The Museum of Alaska Transportation & Industry is a transportation museum located near Wasilla Airport in Wasilla, Alaska.

== History ==
=== Background ===
As part of the 1967 Alaska Centennial celebrations, an effort was begun to collect the history of Alaskan aviation. (Note: Ironically, a different aviation museum, the Pioneer Air Museum, ended up being located at Pioneer Park, which was the site of the centennial.) In June of that year, the Centennial Aviation Progress Museum Committee first met under the chairmanship of Jack Peck. However, within a year the project was taken over by the state, which expanded the scope to all transportation in Alaska. It was developed into the Centennial Train – six former World War II troop cars with exhibits that toured the state. Afterwards, it was placed on display next to the museum.

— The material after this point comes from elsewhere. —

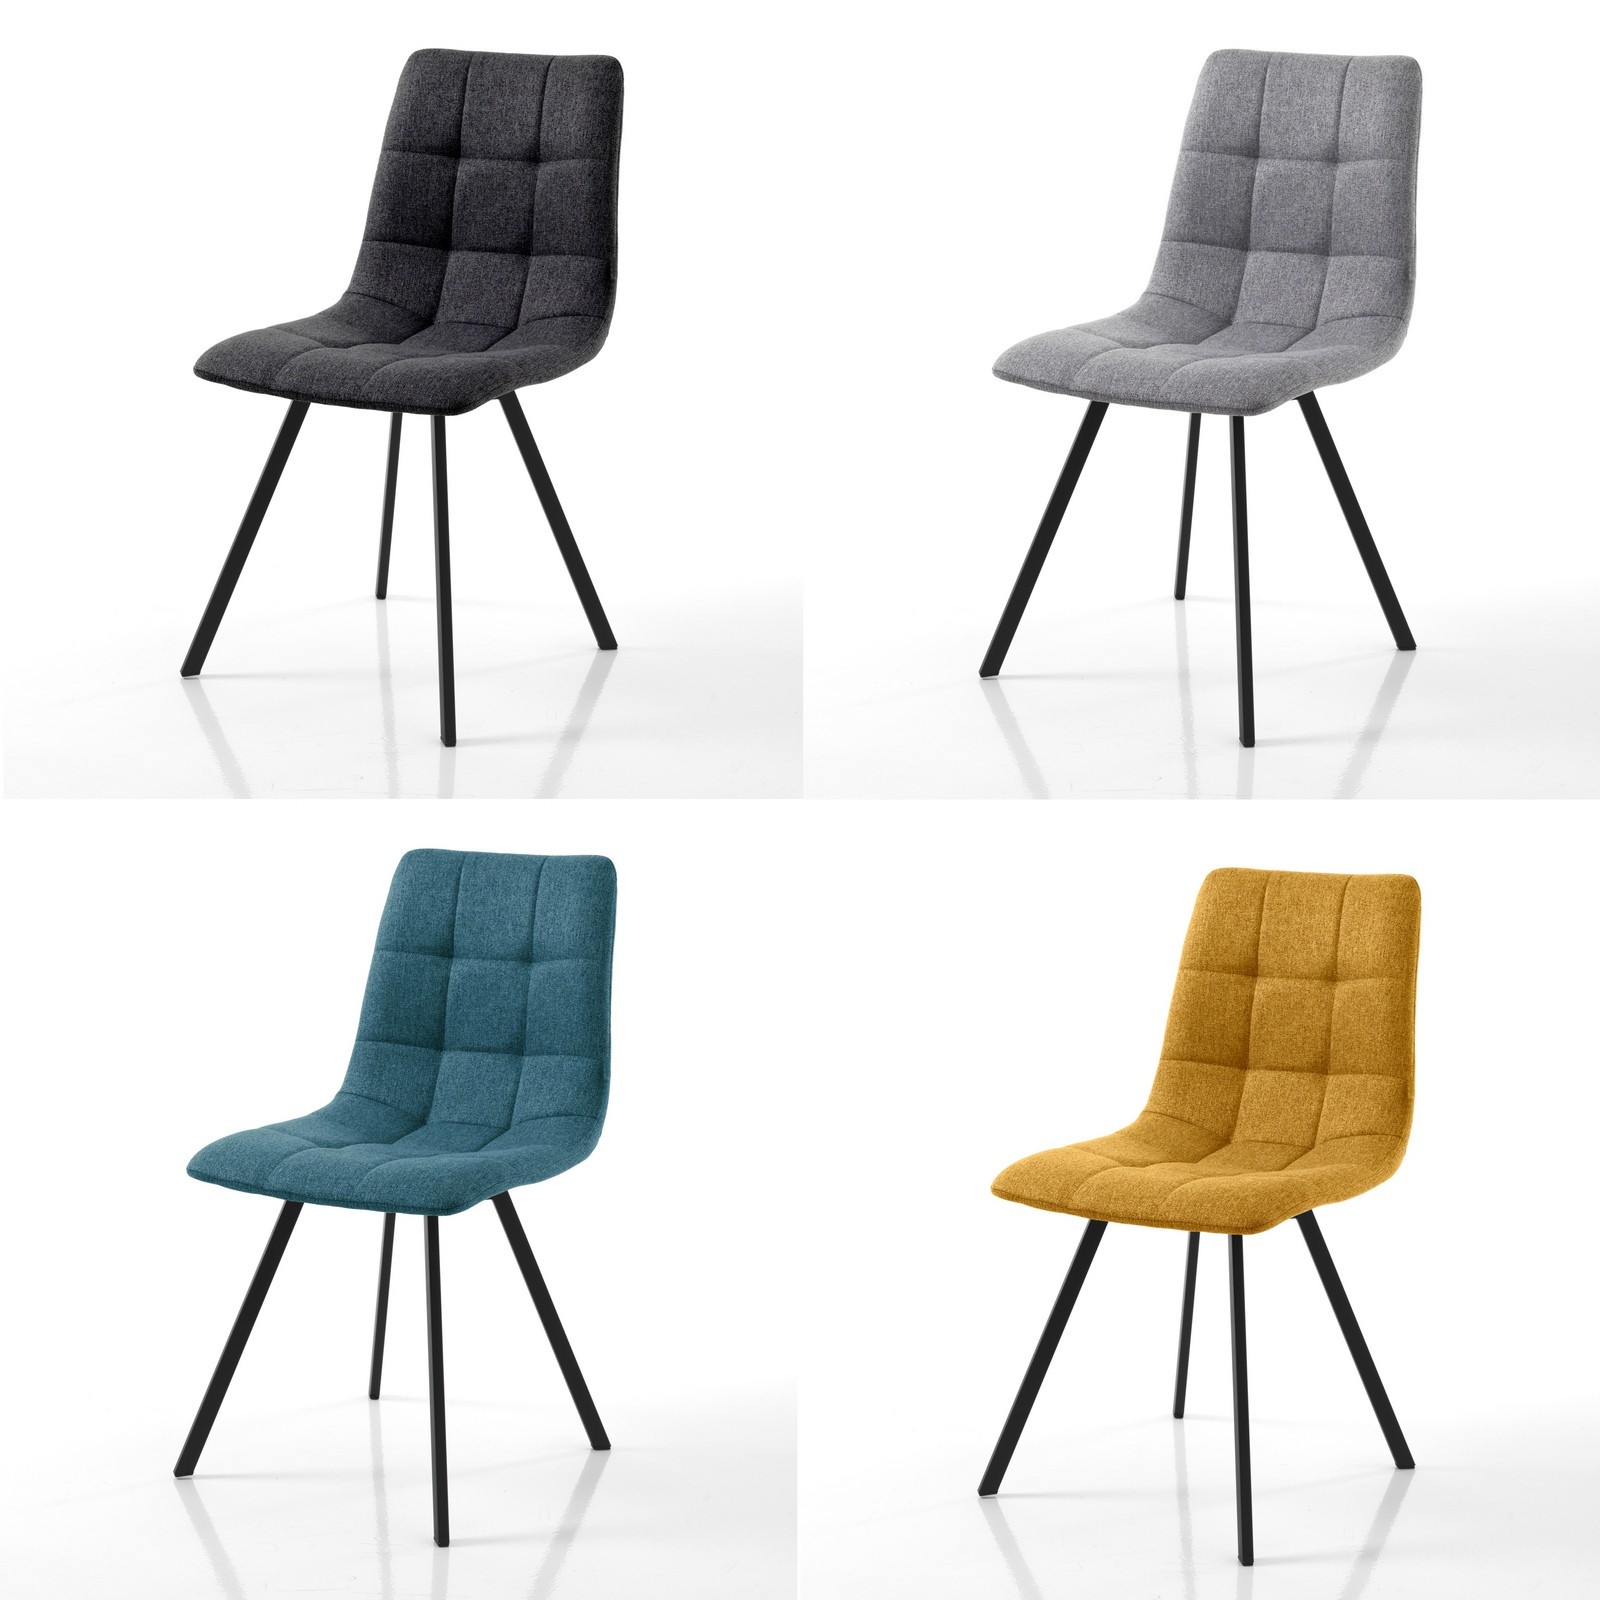 Sedia NEW UNITY COLORS (4 sedie colorate) 1 colore Grigio + 1 colore

=== Fire and move to Palmer ===
On 5 September 1973, the museum was destroyed by a fire. 85 to 90 percent of the collection, including at least seven airplanes and many other vehicles, were lost. (Note: A display of moon rocks lost from the museum after the fire was recovered by the Alaska State Museum in 2012.) The museum was already suffering from financial problems before the fire and requested funding from the state to help it recover. Plans were accelerated when nearby road construction forced the train to move.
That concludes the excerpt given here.